I can't really get into any specifics but it profiles your
system and that is used to generate a keyfile (the generation part is done at the company's side).
bitchin'

hehe

You are so correct DaikenDX;

My slip.

Can anyone please point me in he direction of a good tut on this subject (serial crack which uses Hardware ID) I have looked high low and cannot find anything, I feel as though I am banging my head against a brick wall.

WonderWoman

Bottom line is the hardware ID you are seeing could be any number of things. Look at the one Microsoft makes! Hashes together all kinds of things to try to make it as unique as it can. The P3 serial might or might not be in there. It could check if the P3 serial is a available if it isnt it stores one value and if it is it stores the actual serial value hashed etc. Theres infinite possibilities of what could have been done. You need to use API spies and see if theres any hardware function or special CPU instructions CPUID for one being executed. Chances are everything is done in one routine.

Snatch

you might try Snakes home page. It was up a while ago, kinda dated but good place to start.

Hi wonderwoman,

I read a very nice article about hardware-checking routines (related to the new Fritz technology) that it might help you.
I'm going to search it and I'll post you the link tomorrow.

It was like an ISP provider that also offered 'resorces' to 'abonate' lusers, I mean users.
Then i'd remotelly check for some hardware info in the client and either let him download/use/etc or not.

It was nicely explained, with an example.

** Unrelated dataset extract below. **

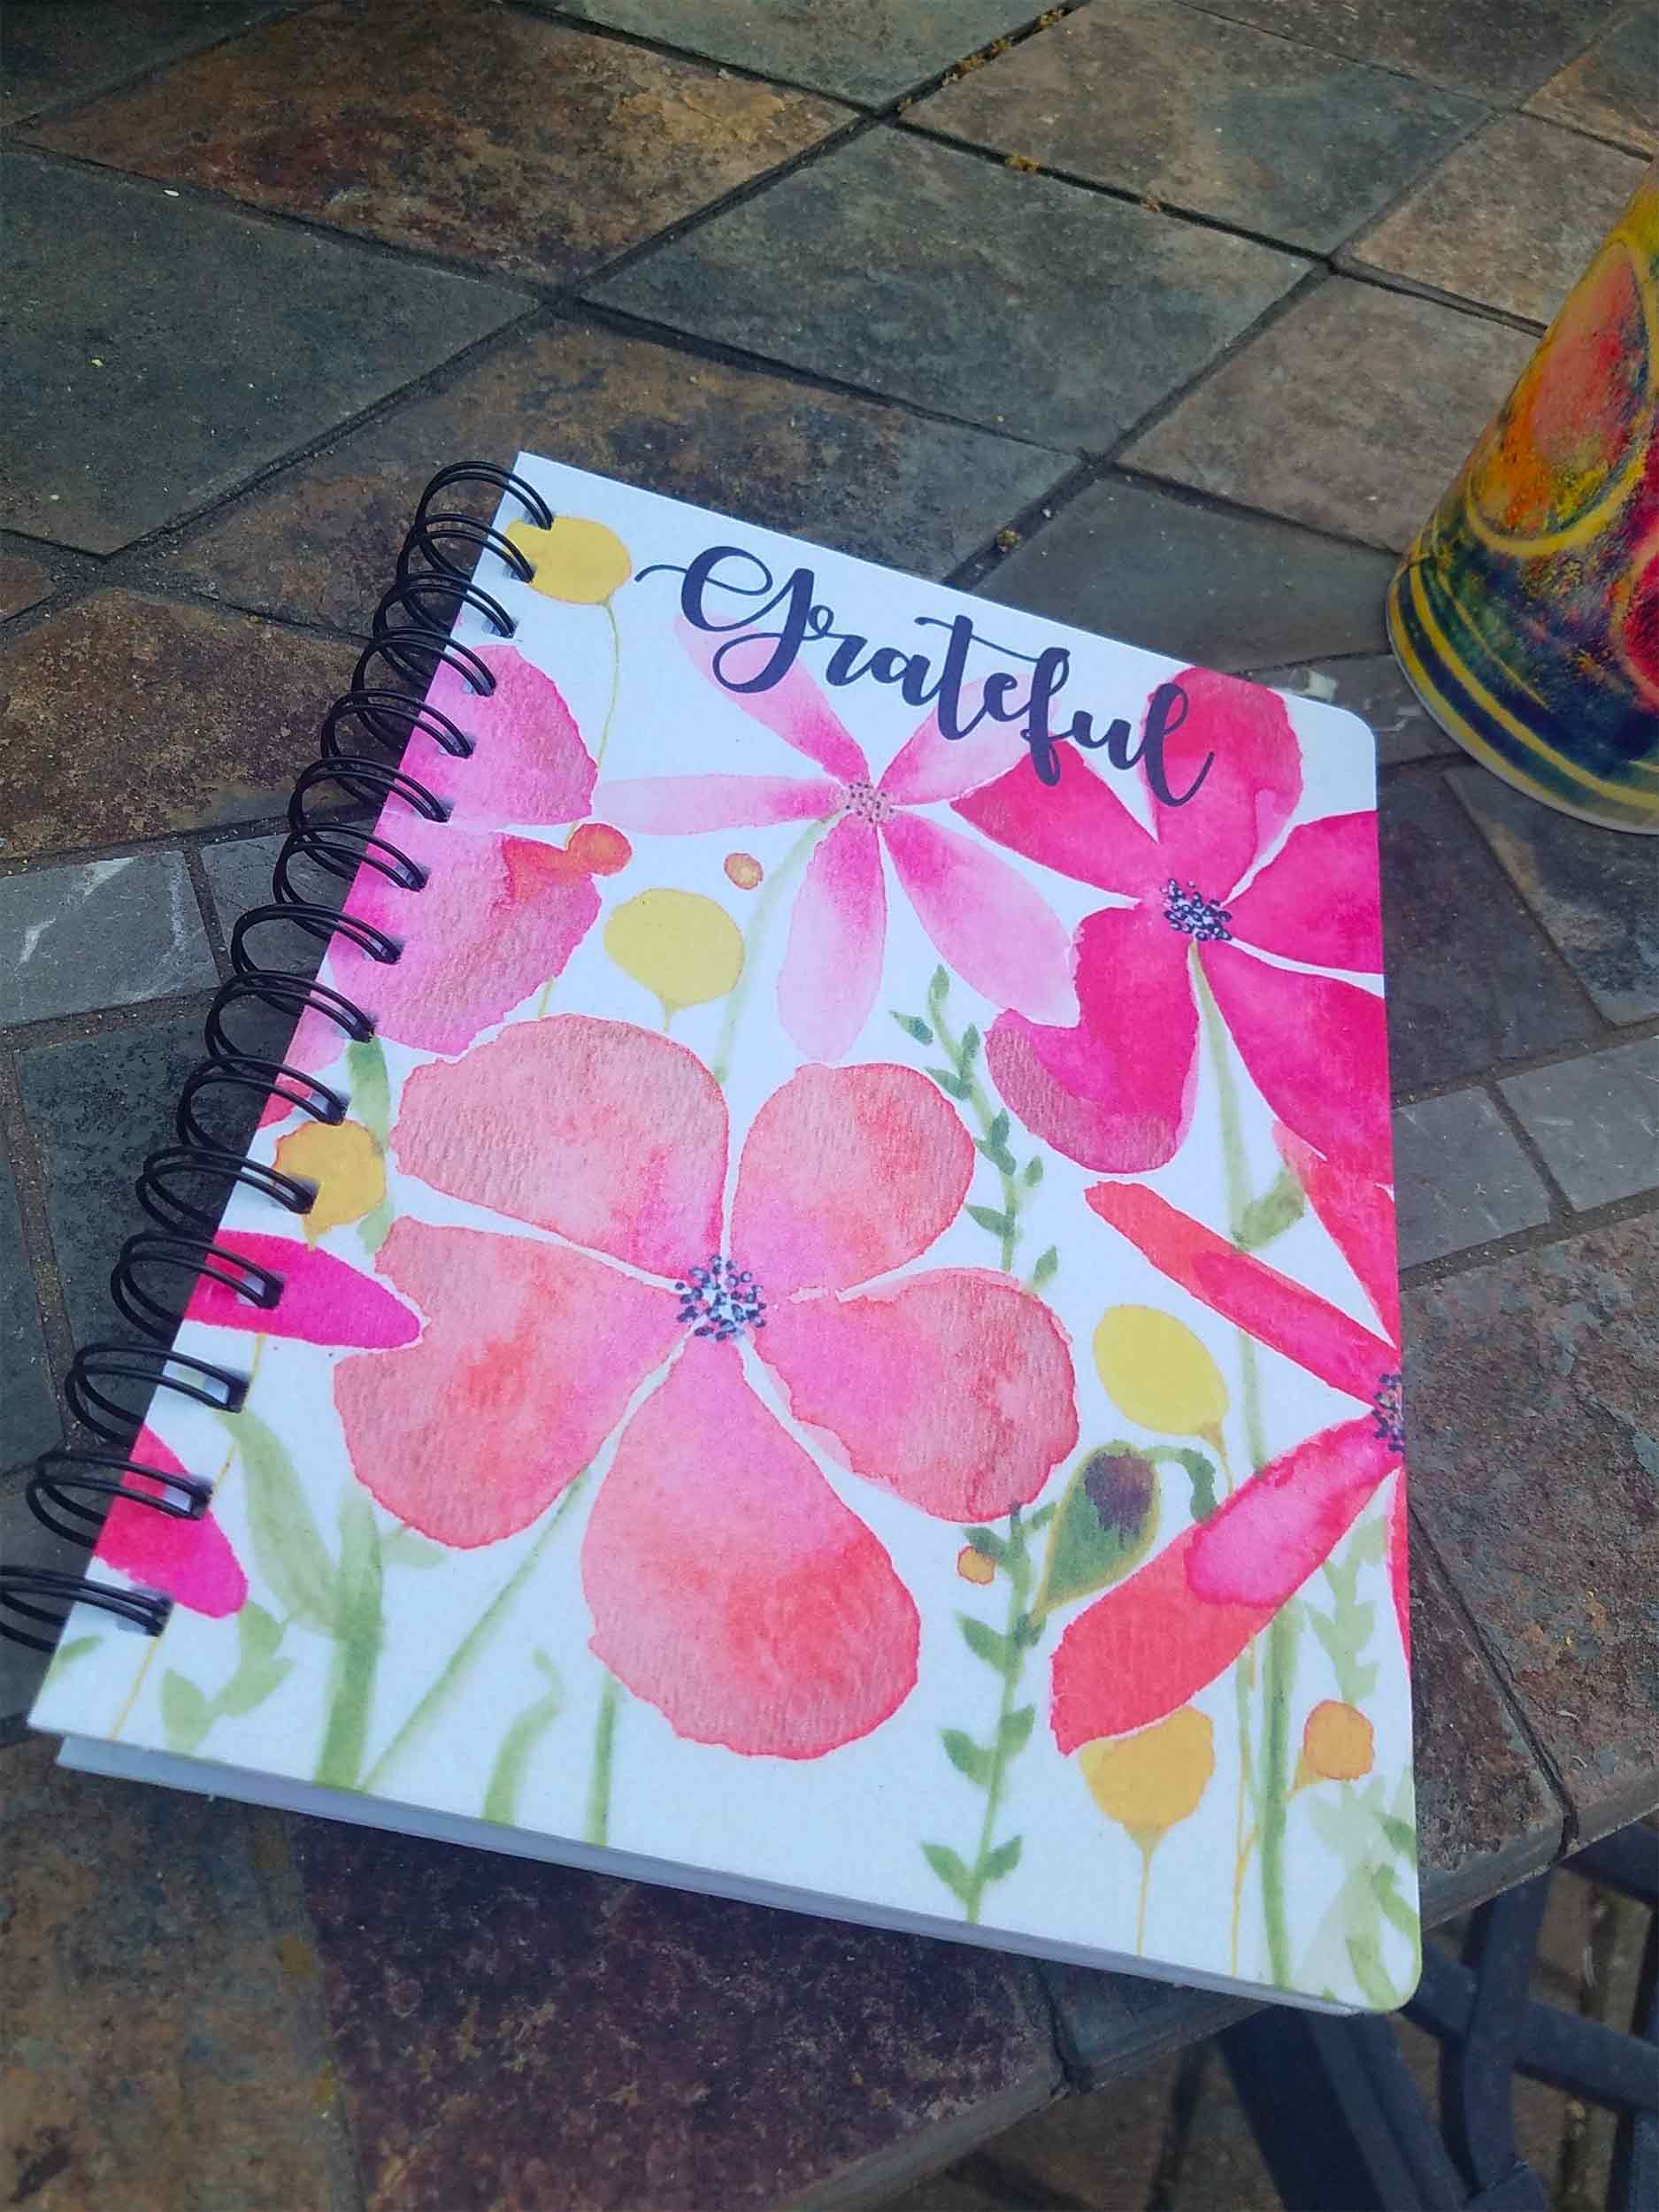 This Grateful -  Spiral Bound journal is made with love by Studio Patty D! Shop more unique gift ideas today with Spots Initiatives, the best way to support creators.
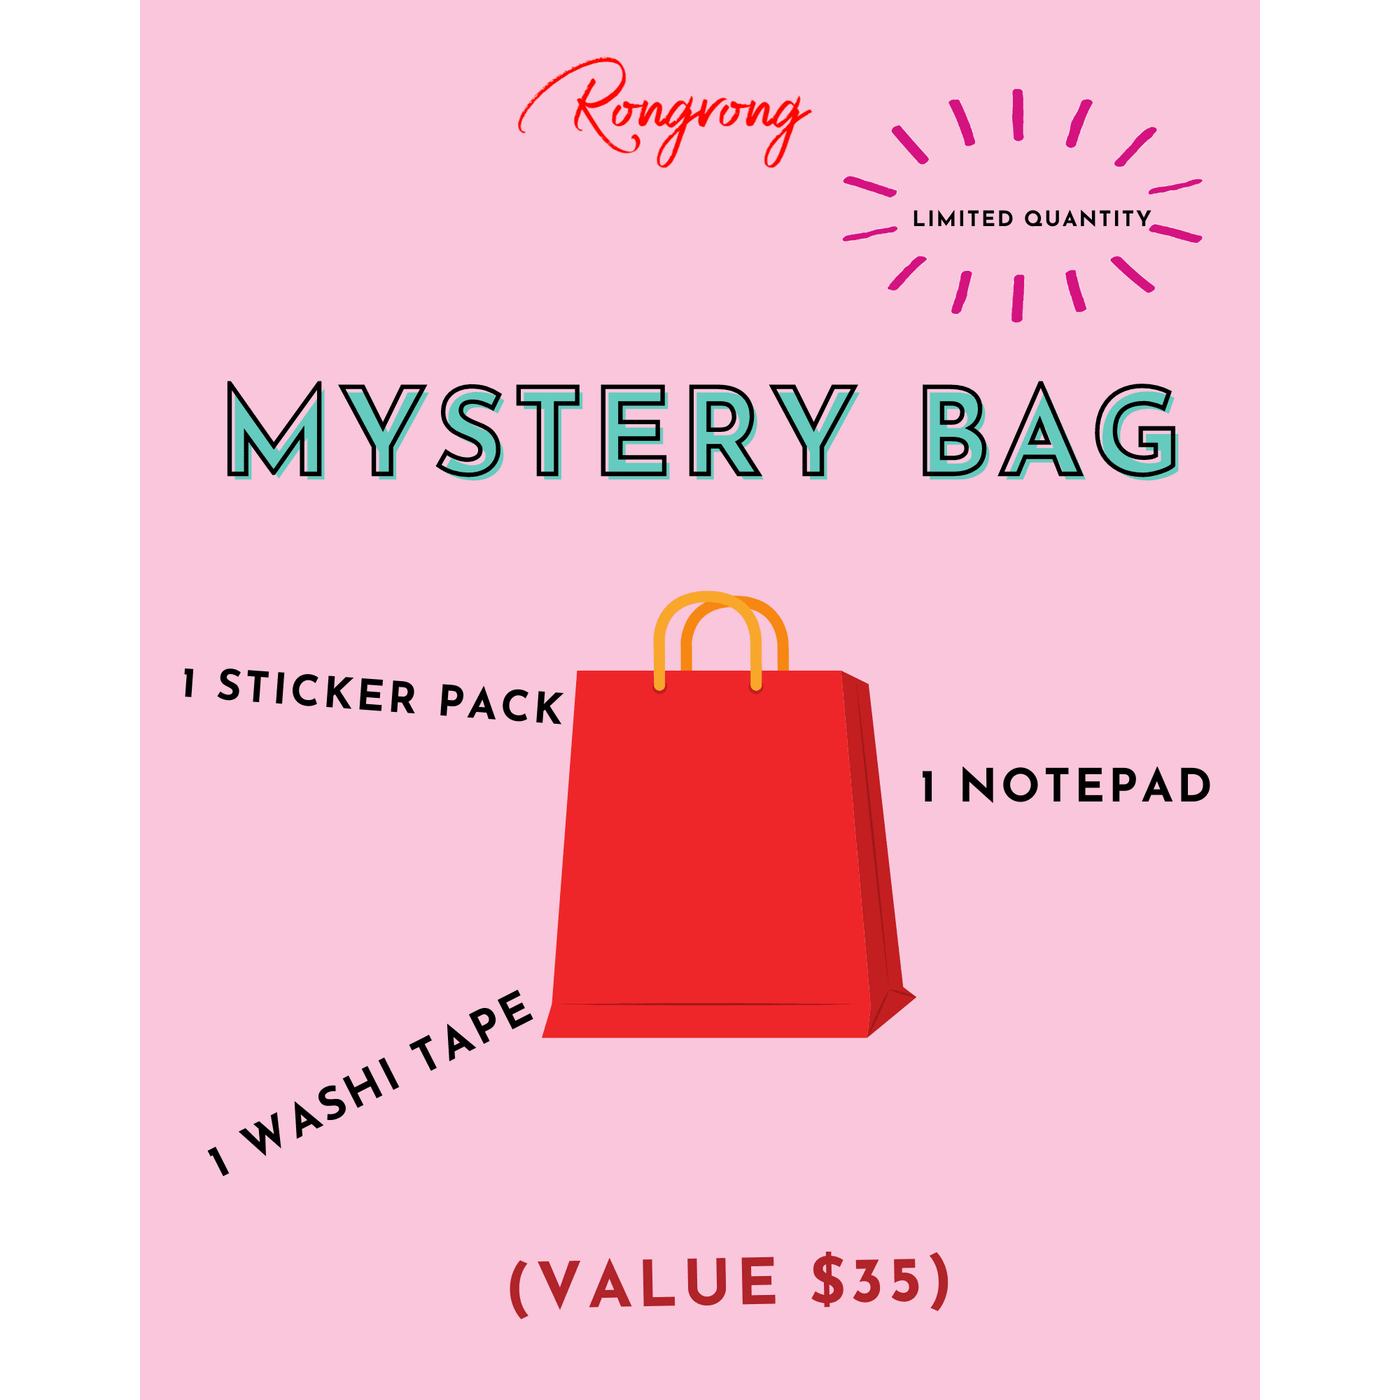 MYSTERY BAG by Rongrong DeVoe

(Btw, nice to see more girls here )

(Btw, nice to see more girls here ) [/B][/QUOTE]

Zen-Cracking?

LOL, good point
But welcome anyway if Zen is correct

Kayaker

Hi wonderwoman,
as promised I'm attaching here the doc.
It's incredible how much it reminds me of some old 'dongles' (the boasting I mean): "Impossible to crack", "the ultimate anti-pirating gizmo", "it would take 10,000,000 years to find the correct password"...
That's the pdf.
And if you visit their page you have there some more info PLUS a complete explanation of how they hacked Windows XP hardware-checking routine.

Hope it helps.
(Now, how about a date?)

[EDIT]Hi wonderwoman,
the .pdf was too big to download (it's 140.985 bytes long), so I just copyed the first page, and let you search for it

fjrp2 you smoothie, how do you know ww is a girl?, esther has been around for years and I though he was a woman till recently. Guess if ww is not a girl your request should be in the "peverse engineering forum" :-)

Hi Js,

I know, but you gotta try first.
I also use the reversing approach with it

Hi there, I have come across something like this a long time ago. In the end I found that a bpx VarBstrCmp gave the answer!

BTW just been down to Corona looking for more aliens!!!